Equity Ownership & Alignment
| Indicator | Assessment |
|---|---|
| Ownership vs. Guidelines | Meets/exceeds 3× salary guideline for executives; all NEOs compliant as of Dec 31, 2024 . |
| Pledging/Hedging | Prohibited for officers; reduces misalignment risk . |
| Vested vs. Unvested | Meaningful unvested equity across RSUs, PSUs, and options with staggered vesting through 2027; 2024 TSR options cliff vest only if performance met . |
| Underwater Awards | TSR long-term incentive stock options were underwater as of Dec 31, 2024, limiting near-term realizable value . |
Related Policies and Governance
- Anti-hedging/anti-pledging, stock ownership, and no unearned dividend equivalents policies strengthen alignment .
- Compensation peer group refreshed (removed 3M in 2024 review); benchmarking near median positioning .
- Say-on-pay approval at 89% in 2024 underscores investor support .
Investment Implications
- Alignment: Strong pay-for-performance design (PSUs tied to organic revenue and adjusted EPS; performance options tied to relative TSR), robust ownership and no pledging enhance alignment with shareholders .

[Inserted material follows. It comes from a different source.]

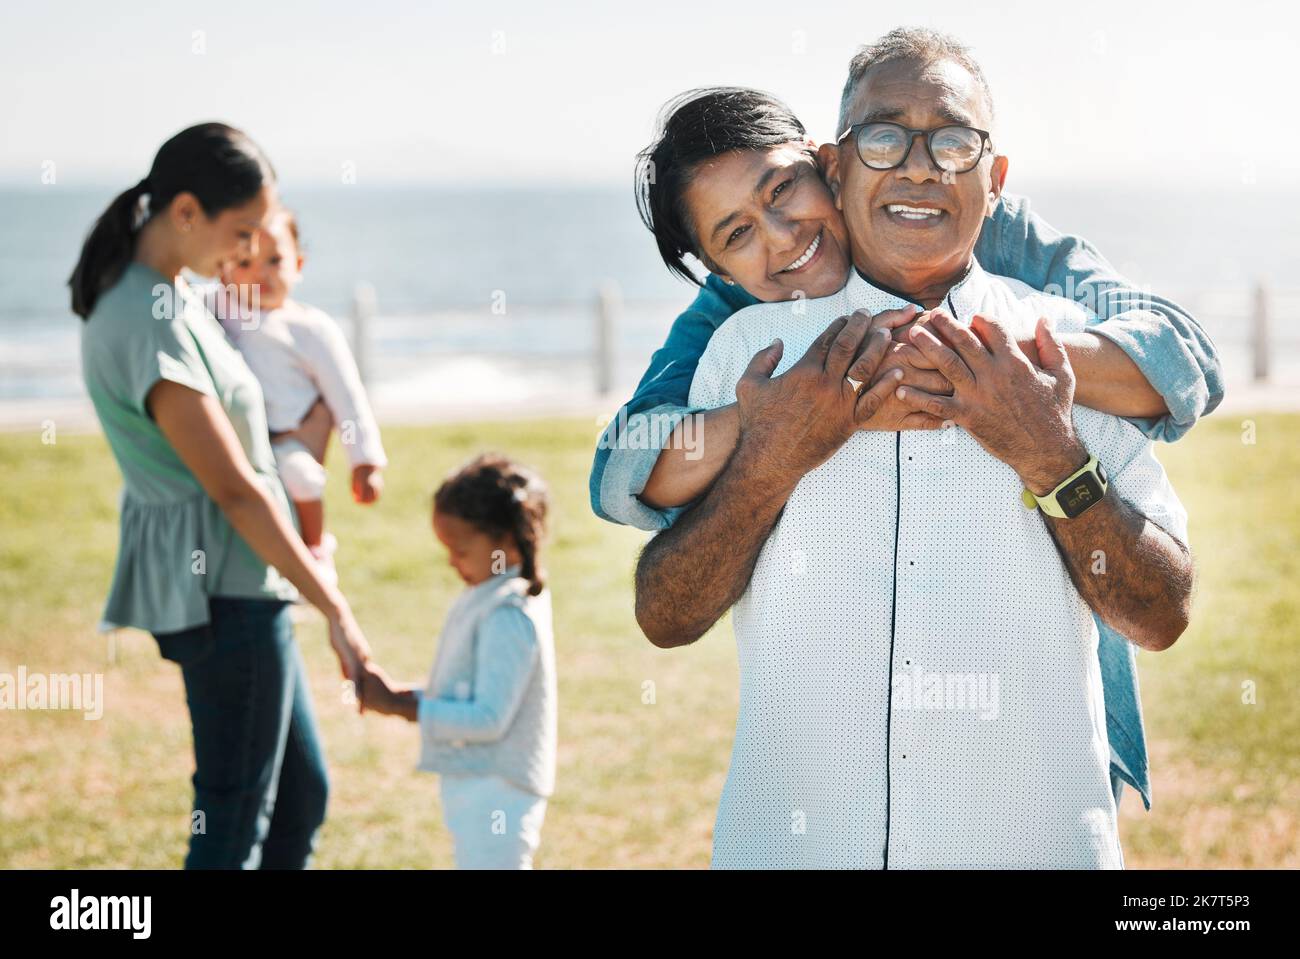 Famiglia, amore e ritratto dei nonni in parco per l'estate, la salute e la pensione insieme. Felice, stile di vita e legame con i bambini e gli anziani Foto Stock

- Retention risk: Retirement announced for March 31, 2026 introduces transition risk; however, designated successor with long company tenure mitigates continuity concerns .
- Selling pressure: Staggered vesting of RSUs and annual option tranches through 2028, plus TSR cliff vest in 2027, suggests periodic delivery but underwater performance options dampen near-term monetization; 2024 option exercises ($8.34M realized) indicate active management of holdings .
- Performance backdrop: 2024 delivery (adjusted EPS $21.86, FCF $7.32B) supports incentive payouts; five-year TSR of 62% and disciplined capital deployment underpin long-term value creation .
Note: Education and age are not disclosed in the 2025 proxy/8‑K materials reviewed; sections above focus on disclosed items per available filings.